Activity - Pictures are to be omitted; everything else in the data must be transcribed exactly.

Data segment Start Marker

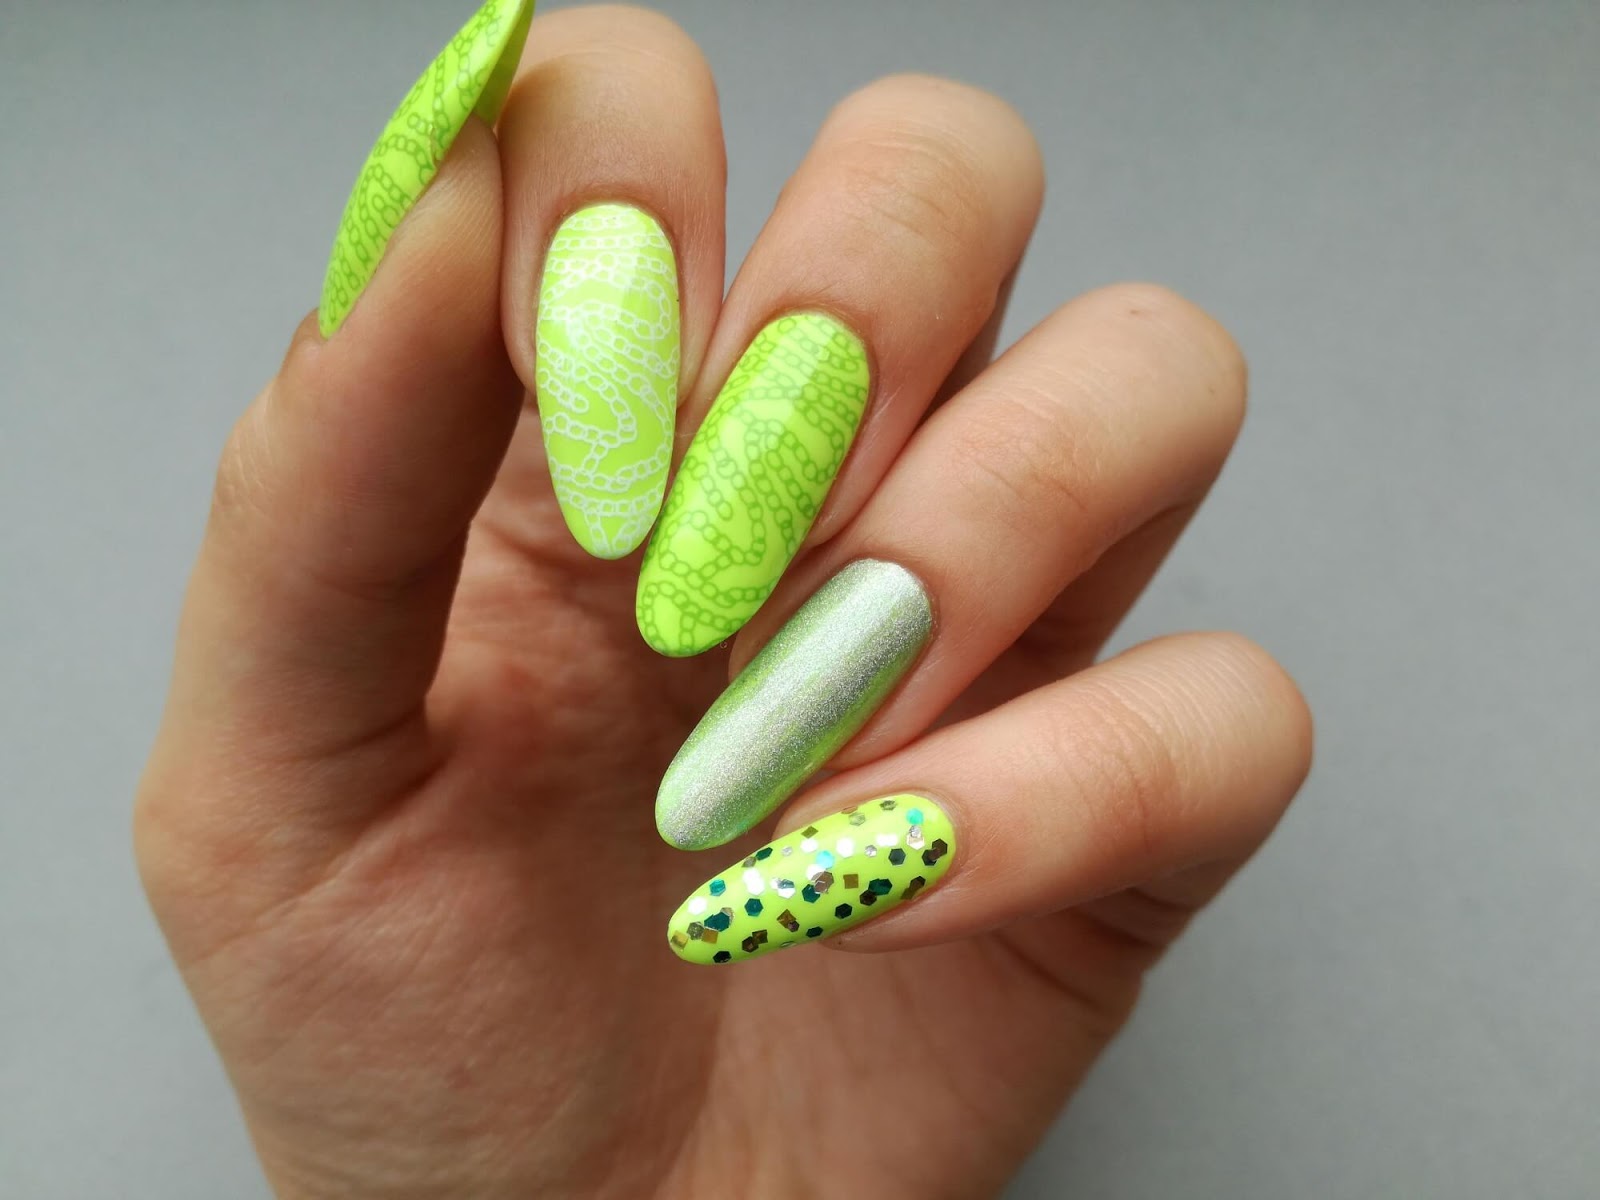 Neonowy manicure - naprawdę odblaskowe paznokcie
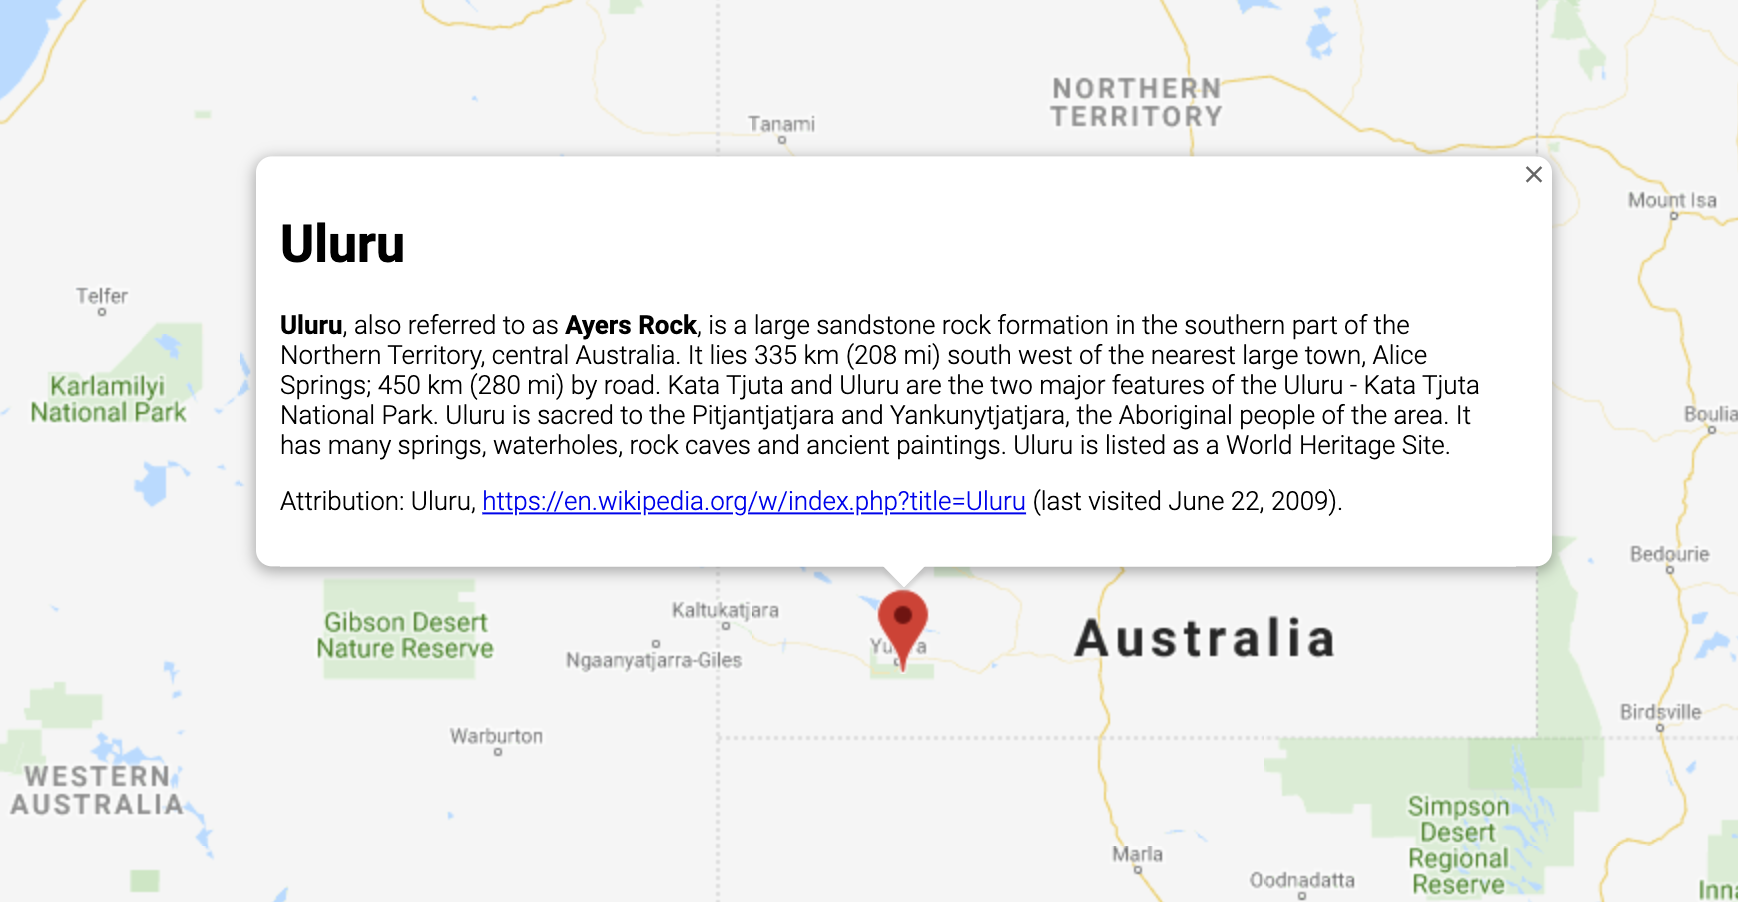 ऑस्ट्रेलिया के किसी स्थान के बारे में जानकारी दिखाने वाली इन्फ़ोविंडो.
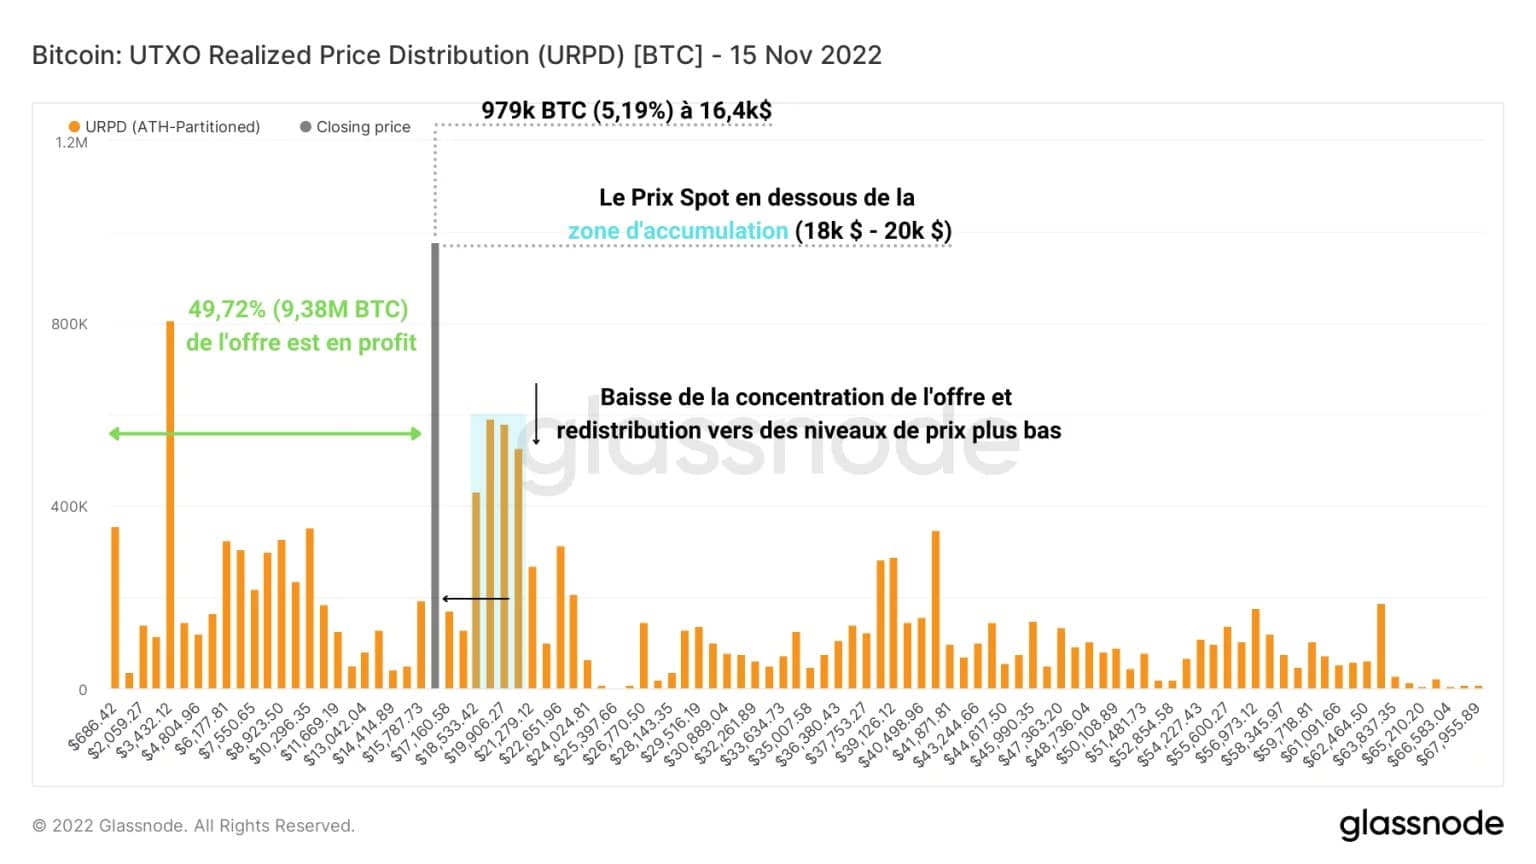 Rysunek 3: Rozkład ceny zrealizowanej UTXO (15 listopada 2022 r.)
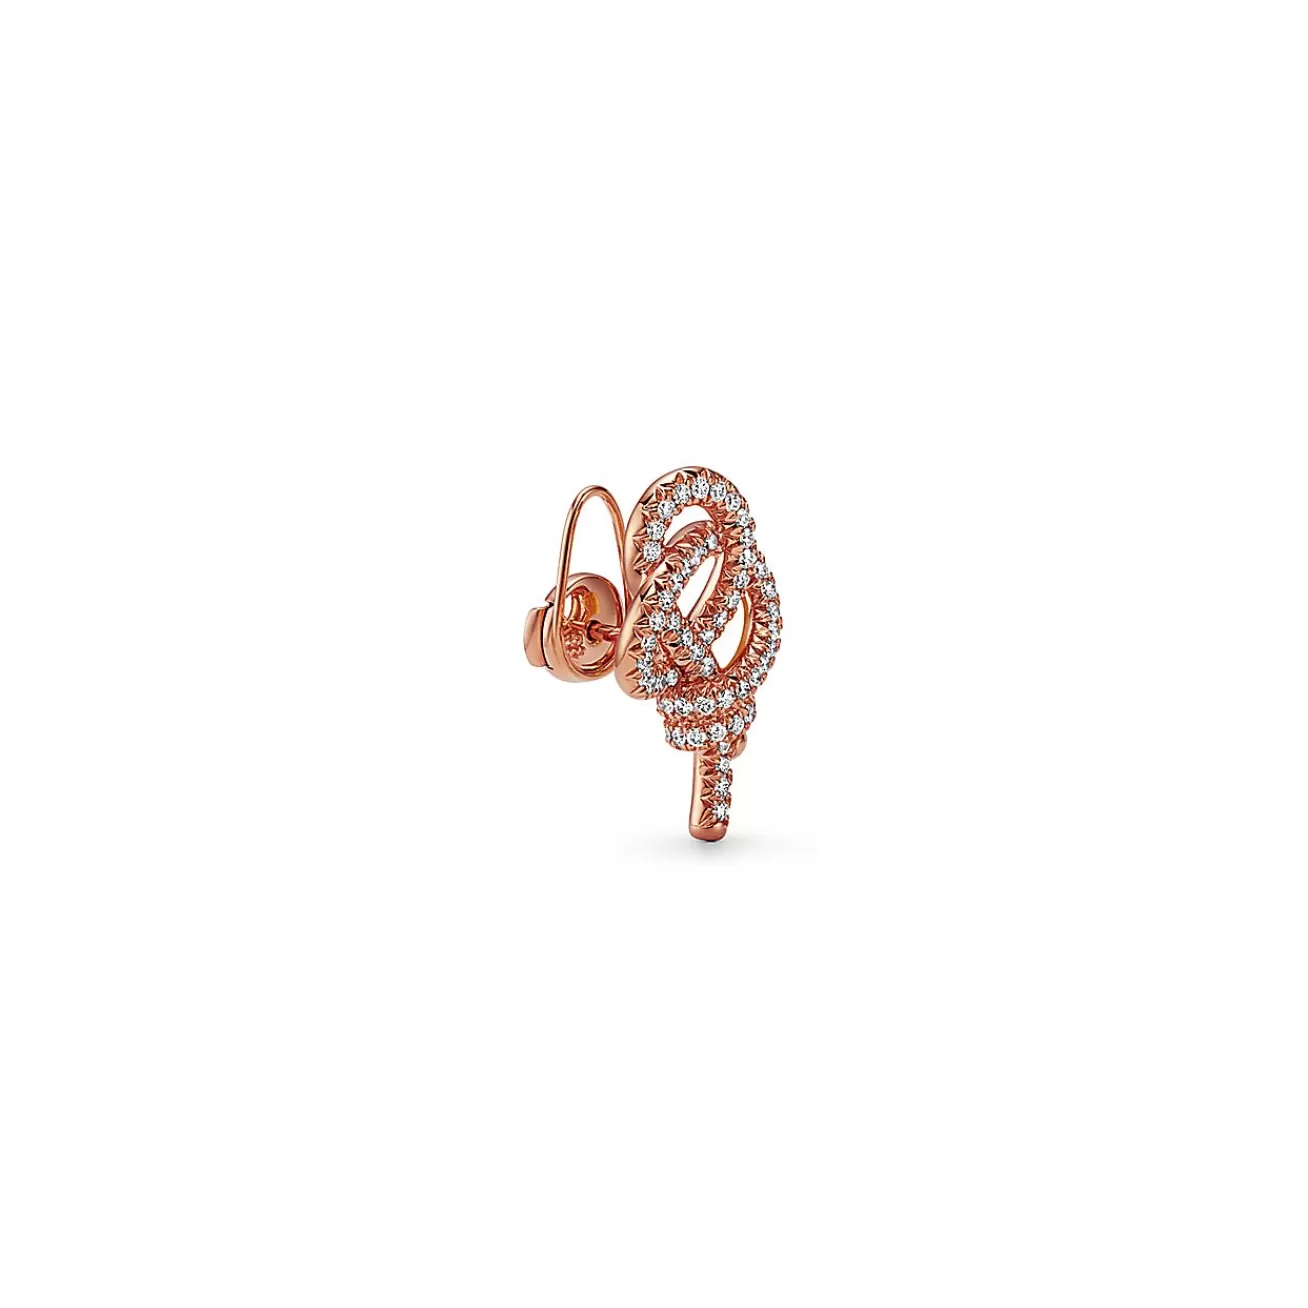 Tiffany & Co. Tiffany Keys Woven Keys Earrings in Rose Gold with Diamonds | ^ Earrings | New Jewelry

Data segment End Marker

Problem solution -
 Neonowy manicure - naprawdę odblaskowe paznokcie
 ऑस्ट्रेलिया के किसी स्थान के बारे में जानकारी दिखाने वाली इन्फ़ोविंडो.
 Rysunek 3: Rozkład ceny zrealizowanej UTXO (15 listopada 2022 r.)
 Tiffany & Co. Tiffany Keys Woven Keys Earrings in Rose Gold with Diamonds | ^ Earrings | New Jewelry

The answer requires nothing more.